Whenever she has pockets in her clothes, she likes to put random things in her “just in case” pocket, like Peter Rabbit’s friend Lilly Bobtail. Might be a hair clip, a piece of string or a rock – you never know what you might need!
The adult version of this is holding onto material possessions “just in case” we might need them one day. I know I am guilty of doing this. “One day” rarely arrives but clutter in our hall cupboards, junk drawers, spare rooms and garages continues to grow – just in case.
Research has shown that a cluttered environment can have a negative impact on your ability to focus and process information.
Physical clutter in your surroundings can compete for your attention, overload your senses and increase stress.
In today’s society not only do we deal with physical clutter, we also deal with digital clutter — files on the computer, notifications from Facebook and for some of us our watch vibrating to tell us that we are getting a phone call, or our phone vibrating to tell us we just got a text message. When our brain has too much on its plate it becomes difficult to filter information, switch quickly between tasks and focus on one thing.
Everyone’s tolerance for clutter is different, so try to find how much you can tolerate so that it doesn’t affect your ability to concentrate, or to find things.

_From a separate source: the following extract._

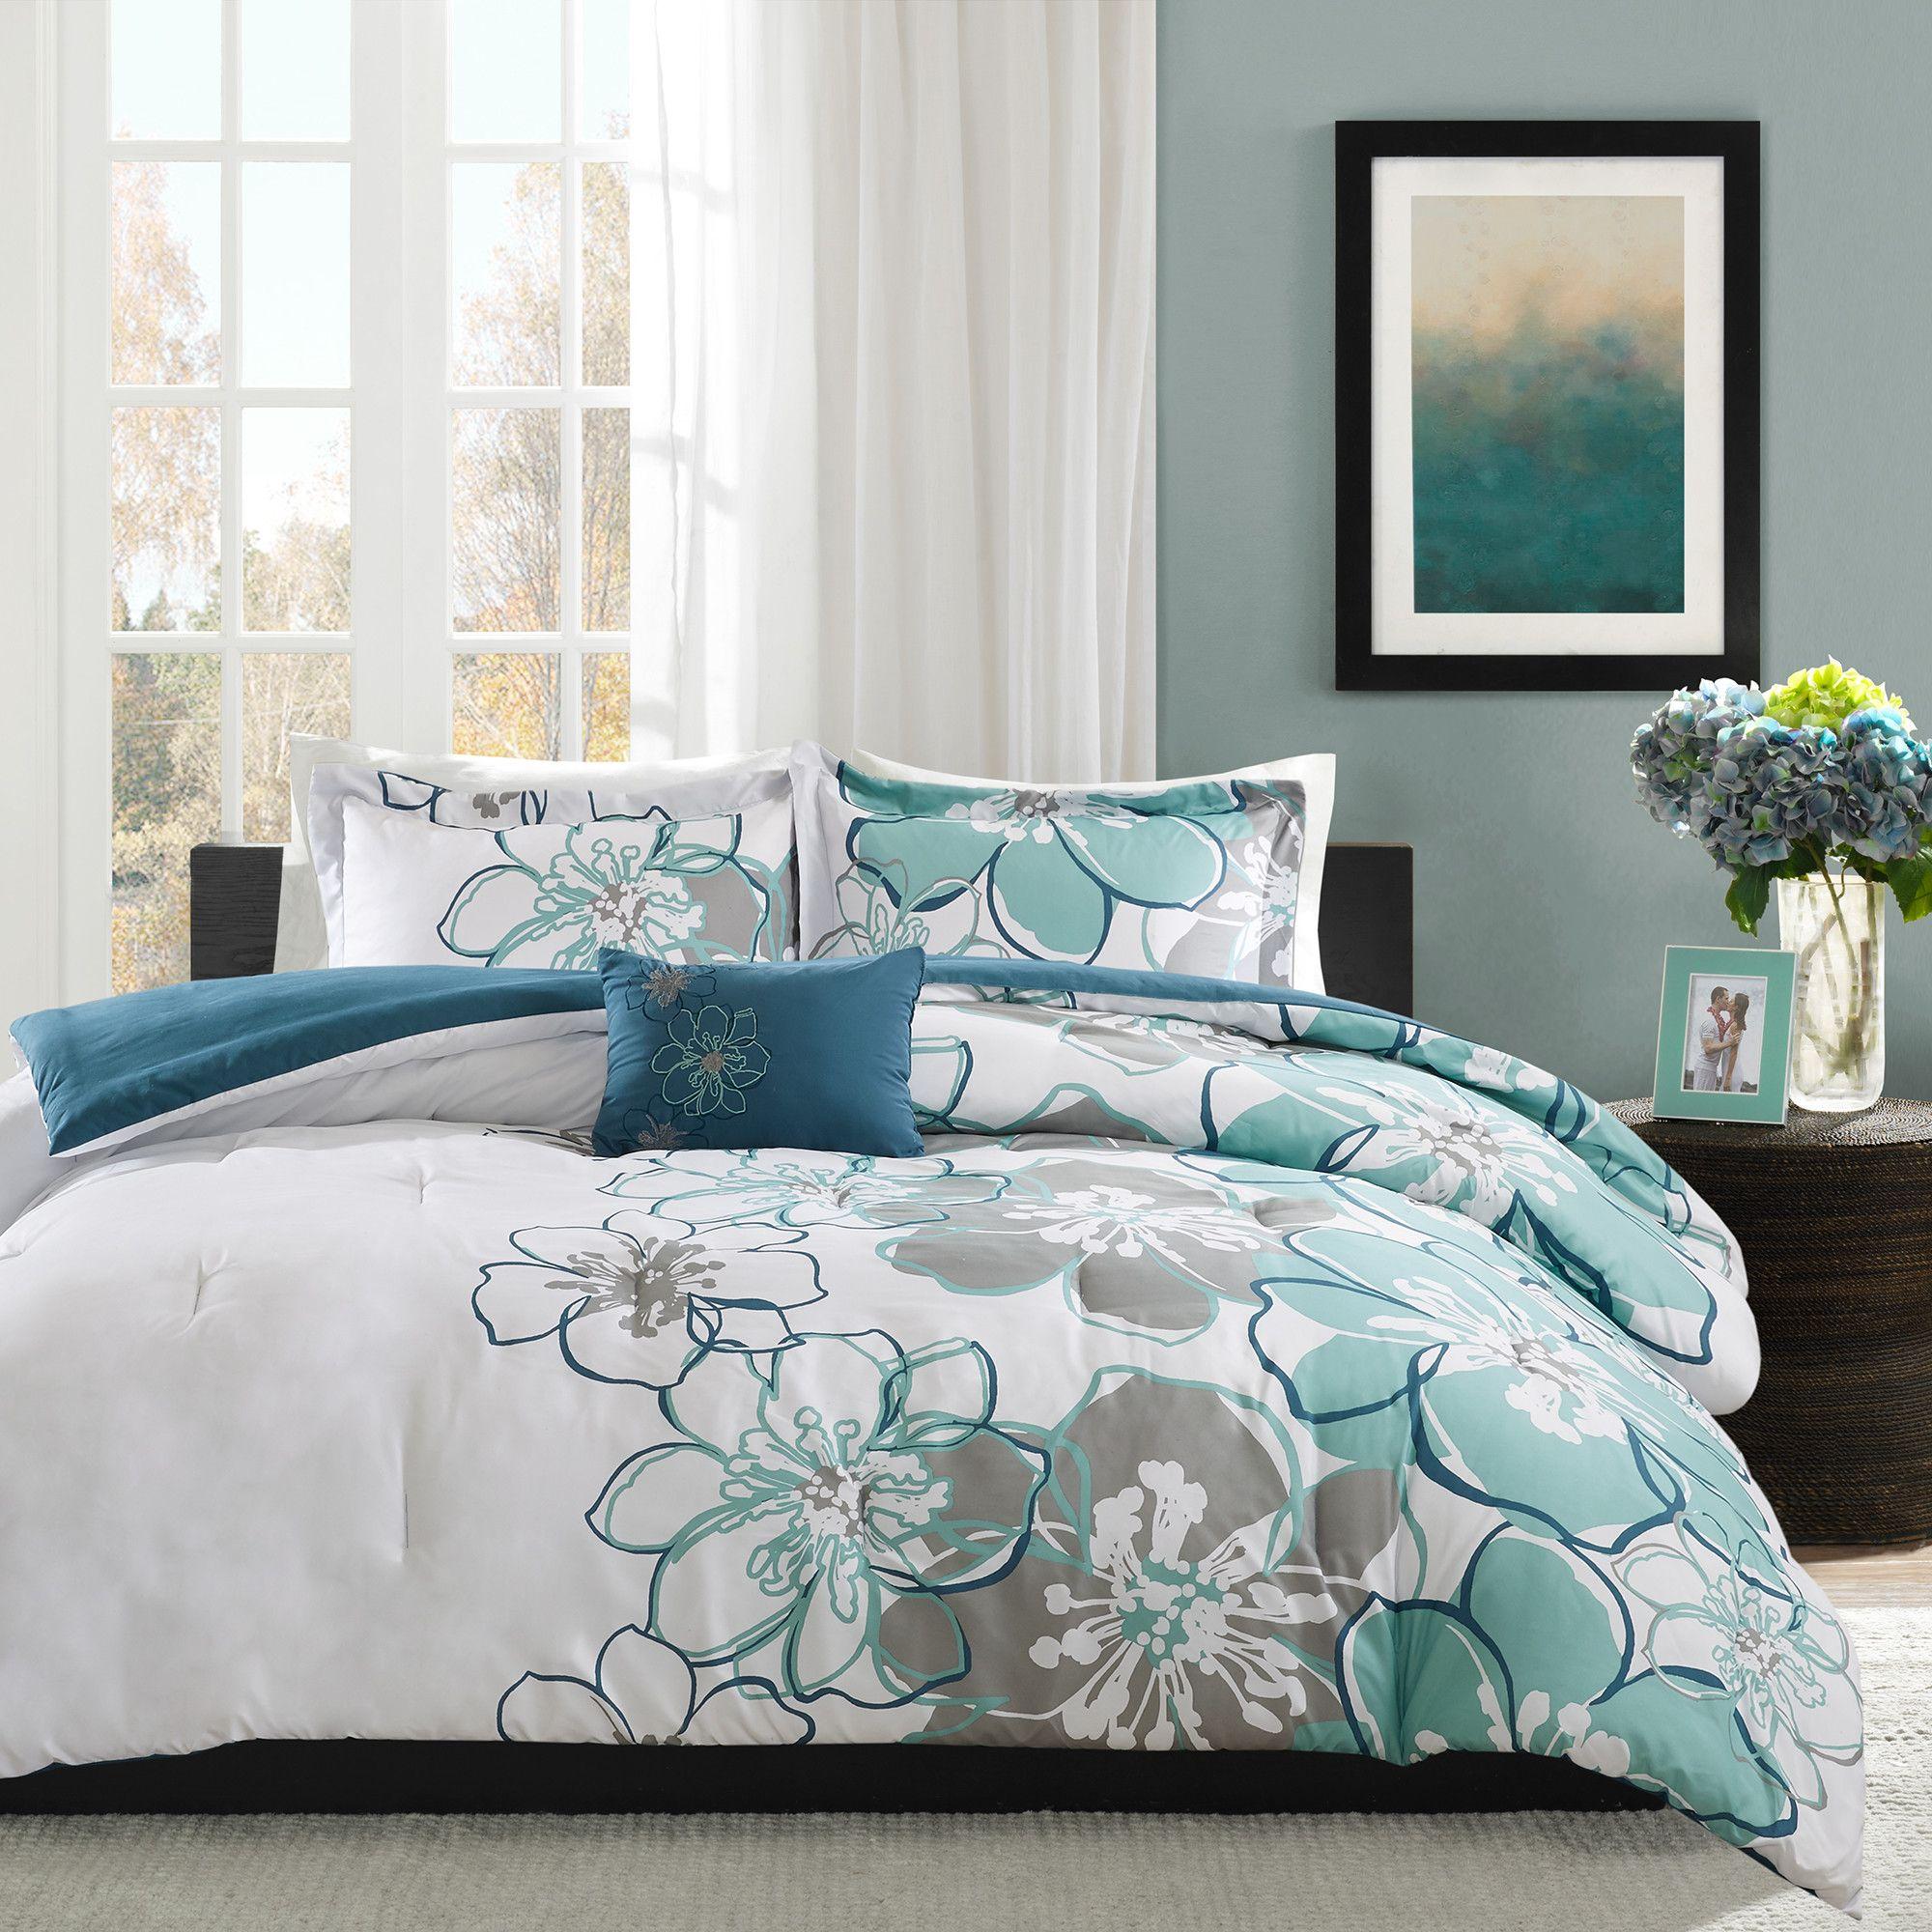 Customer Image Zoomed Comforter sets, Bedding sets, Bed

I’m sure we’ve all been in a situation where you are trying to get out the door and you can’t find your keys or your jacket, and you frustratingly spend 15 minutes looking for items because they didn’t get put back where they belong.
Winter is a good time to go through all your clutter, have a good clean out and then find a “home” for the things you want to keep.
Ask yourself “do I really need to keep this, just in case?”. Make sure items you are going to keep get put back where they belong each day to minimise clutter and create an environment where you can concentrate effectively and minimise stress.